PERF tutorial part 3 is now on-line

Just wrapped up Part 3 of the Linux-tools PERF tutorial.

The tutorial now consists of three parts. Part 1 covers the most basic PERF commands and shows how to find program hot-spots using software performance events. Part 2 discusses hardware performance events and performance counters, and demonstrates how to measure hardware performance events using PERF counting mode. Part 2 introduces several derived performance metrics like instructions per second (IPC) and applies these metrics to the sample application programs.

Part 3 is the newest addition to the tutorial series. It builds on parts 1 and 2, showing how to use hardware performance events and counter sampling to profile an application program. Part 3 discusses sampling period and frequency, the sampling process, overhead, statistical accuracy/confidence and other practical concerns.

I hope you find the PERF tutorial to be useful in your work! Although I produced the example data on the ARM-based Raspberry Pi, the commands and techniques will also work on x86.

PERF tutorial part 2 now available

Part 2 of a three part tutorial about Linux-tools PERF is now available.

Part 1 of the series shows how to find hot execution spots in an application program.

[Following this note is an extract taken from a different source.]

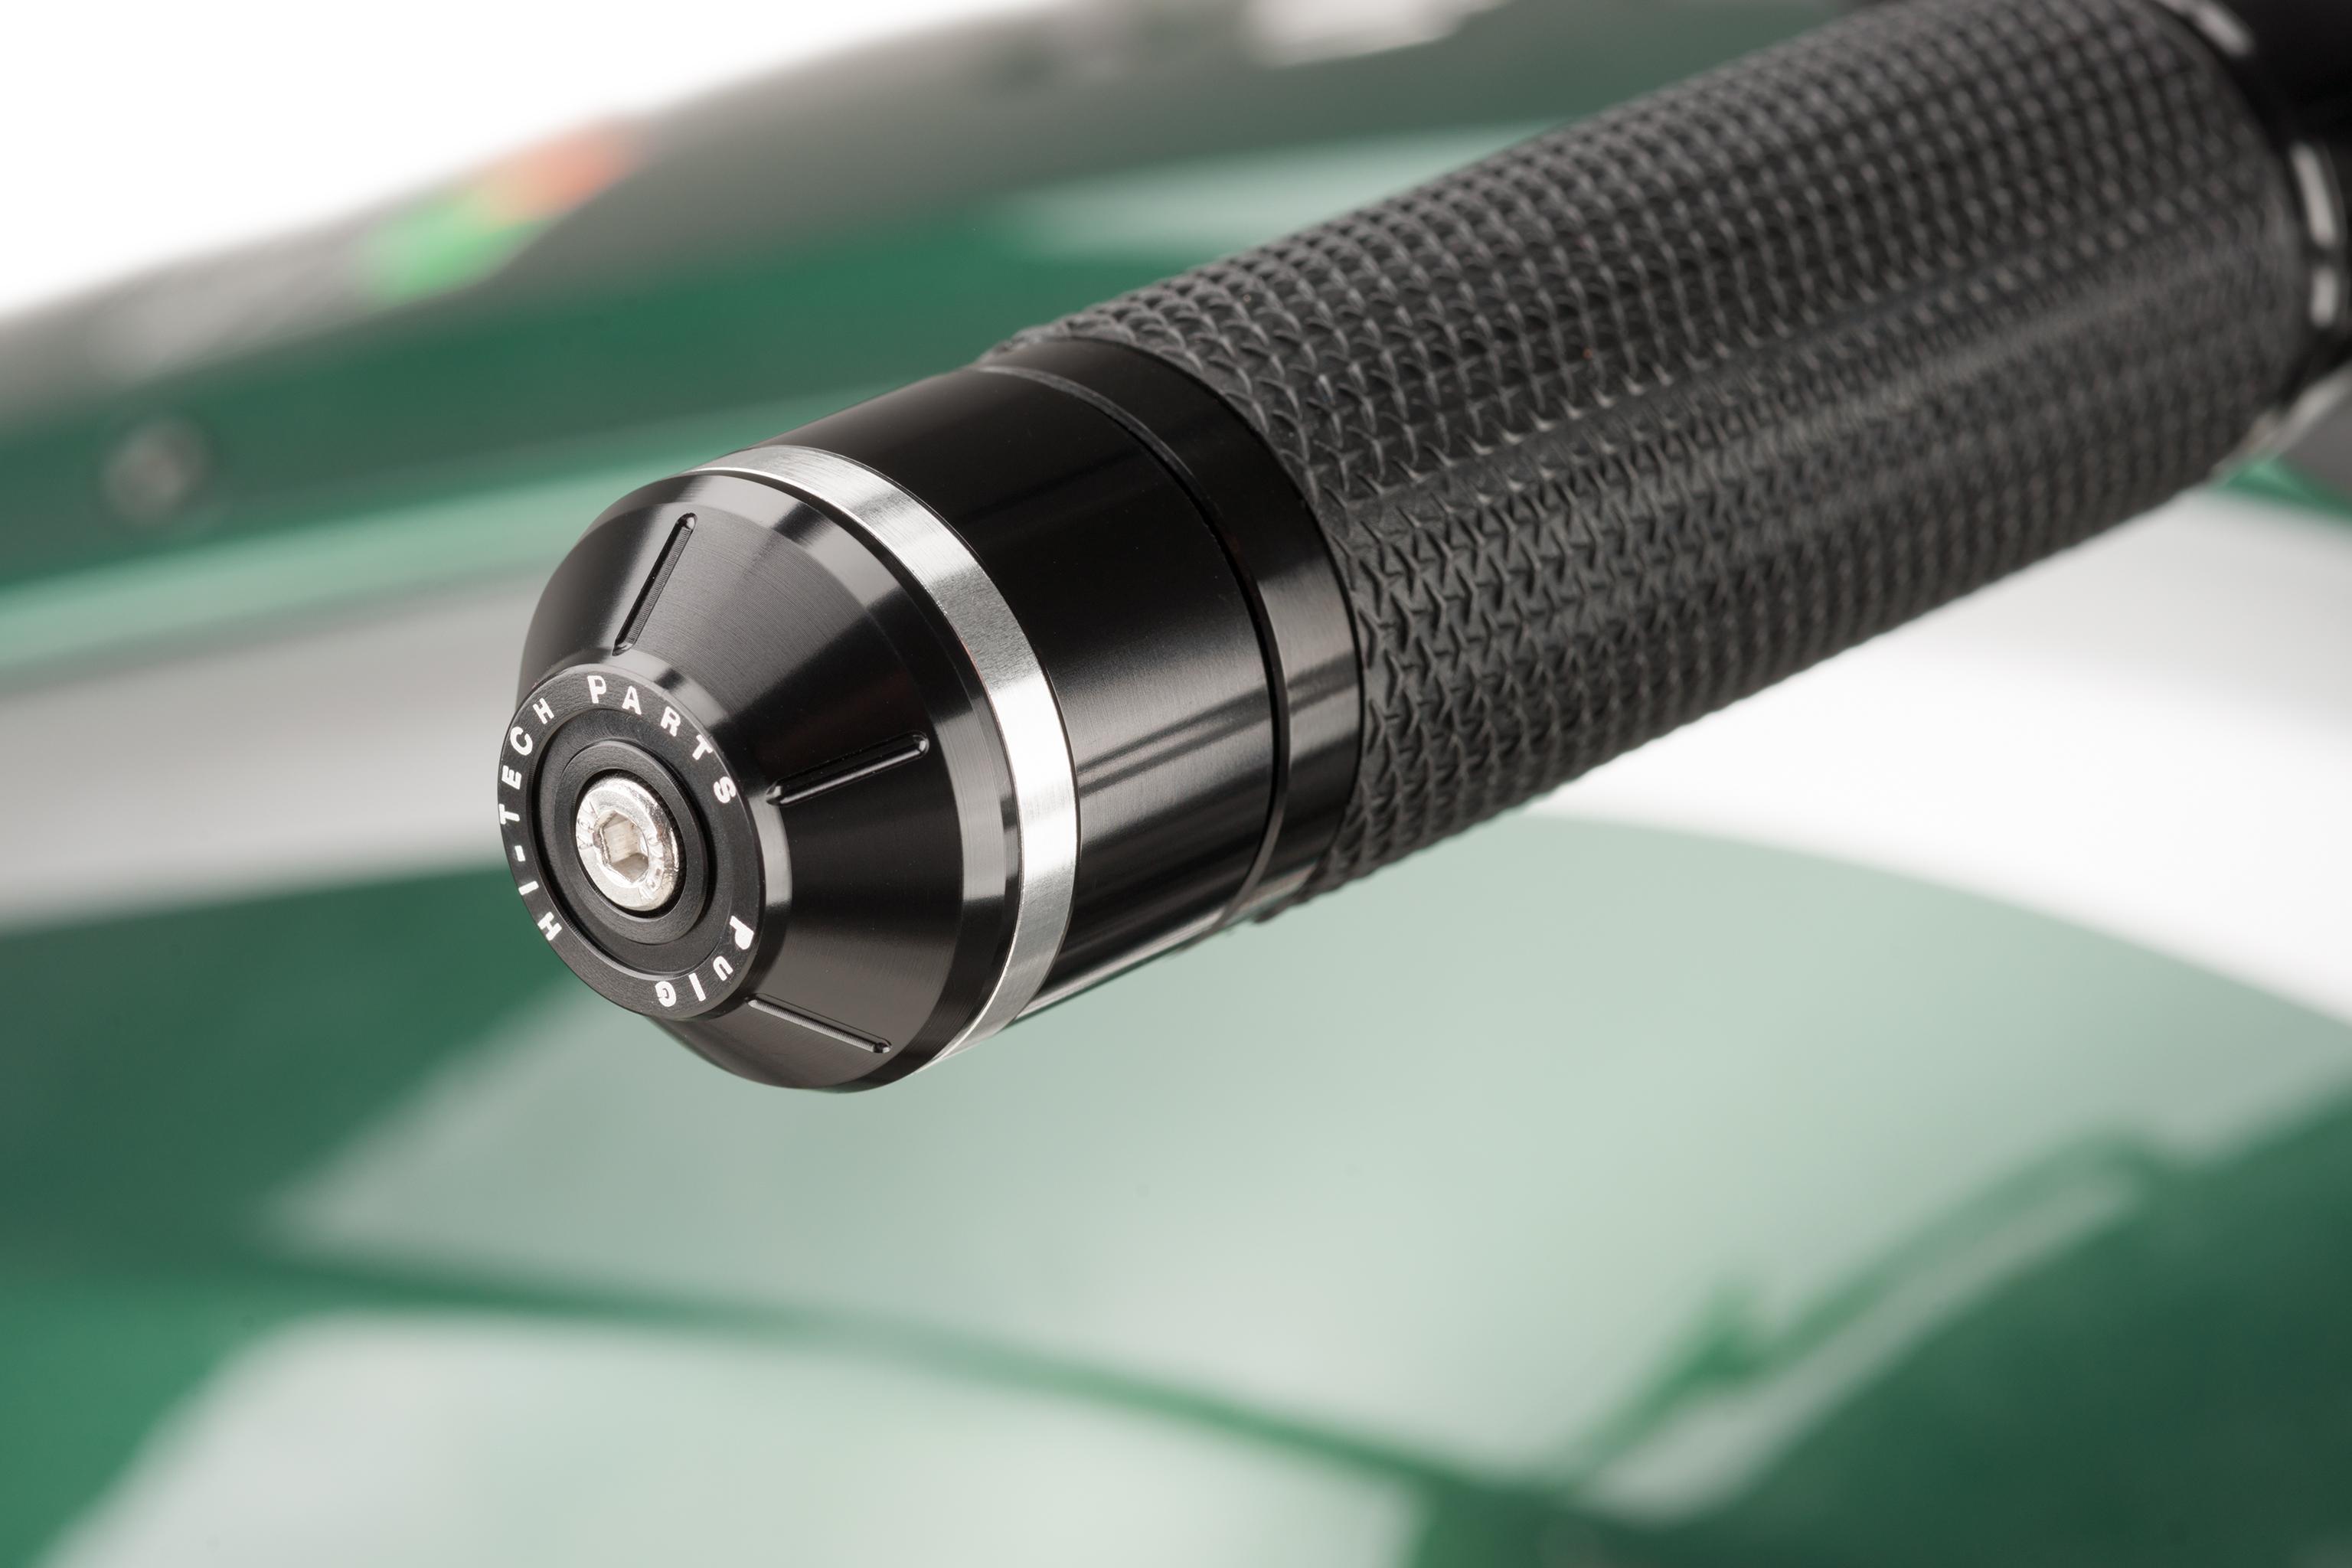 Contrapesos manillar modelo corto con aro Puig 8113 para MV AGUSTA BRUTALE 675 12-17 / BRUTALE 800/R 13-17

It demonstrates the basic PERF commands using software performance events such as CPU clock ticks and page faults.

Part 2 of the series — just released — introduces hardware performance counters and events. I show how to count hardware events with PERF and how to compute and apply a few basic derived measurements (e.g., instructions per cycle, cache miss rate) for analysis. Part 3 is in development and will show how to use sampling to profile a program and to isolate performance issues in code.

All three parts of the series use the same simple, easy to understand example: matrix multiplication. One version of the matrix multiplication program illustrates the impact of severe performance issues and what to look for in PERF measurements. The issues are mitigated in the second, improved version of the program. PERF measurements for the improved program are presented for comparison.

The test platform is the latest second generation Raspberry Pi 2 running Raspbian Wheezy 3.18.9-v7+. The Raspberry Pi 2 has a 900MHz quad-core ARM Cortex-A7 (ARMv7) processor with 1GByte of primary memory. Although the tutorial series demonstrates PERF on Cortex-A7, the same PERF commands and analytical techniques can be employed on other architectures like x86.

A special note for Raspberry Pi users. The current stable distribution of Raspbian Wheezy — 3.18.7-v7+ February 2015 — does not support PERF hardware events. Full PERF support was enabled in a later, intermediate release and full PERF support should be available in the next stable release of Raspbian Wheezy. In the meantime, Raspberry Pi 2 users may profile their programs using PERF software events as shown in Part 1 of the tutorial. First generation Raspberry Pi users are also restricted to software performance events.

Brave souls may try rpi-update to upgrade to the latest and possibly unstable release. I recommend waiting for the next stable release unless you really, really know what you are doing and are willing to chance an unstable kernel with potentially catastrophic consequences.